Q1.7: Speech databases

A wide range of speech databases have been collected. These databases are primarily for the development of speech synthesis/recognition and for linguistic research.

Some databases are free but most are not. The databases normally require lots of storage space (100's of MBytes is not unusual). Do not expect to be able to ftp large amounts of speech data.

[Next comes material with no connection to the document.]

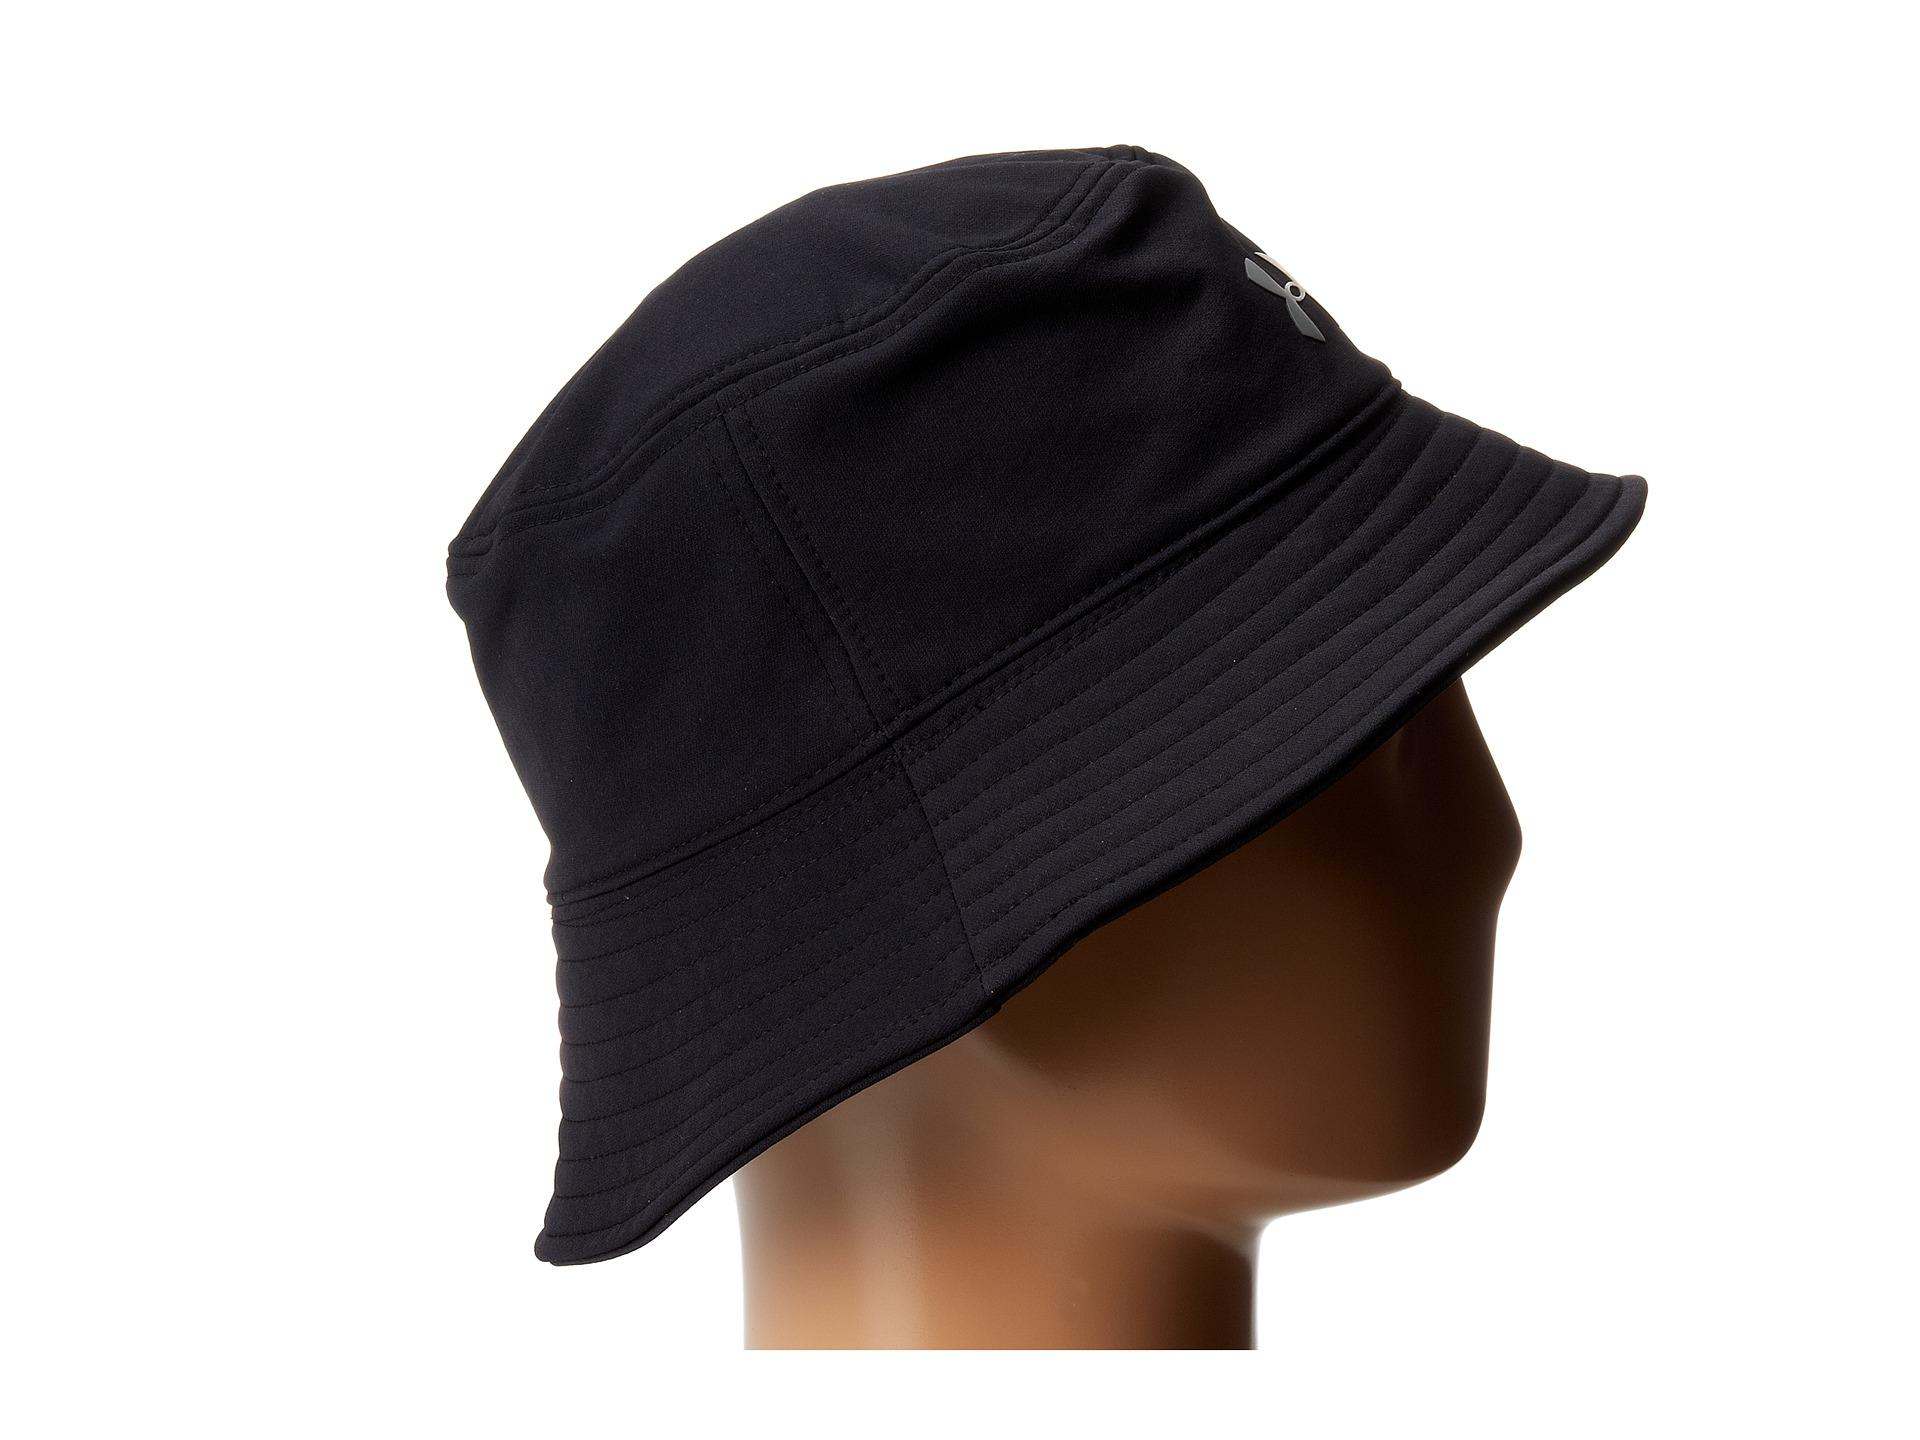 2faa20c8a0ad1 ireland under armour bucket hat canada 7554c fdafe

In addition to the descriptions of speech databases and speech database providers below, information can be obtained from

LDC: Linguistic Data Consortium
Provides a very wide range of speech and text data to research and commercial users: see below.
COCOSDA Home Page: http://www.itl.atr.co.jp/cocosda/
The International Committee for the Co-ordination and Standardisation of Speech Databases and Assesment Techniques for Speech Input/Output.
Shikano's WWW site on Speech and Acoustics
http://www.aist-nara.ac.jp/IS/Shikano-lab/database/internet-resource/e-www-site.html
RELATOR Project
European resource initiative: see below.

The following speech data resources are described in the FAQ.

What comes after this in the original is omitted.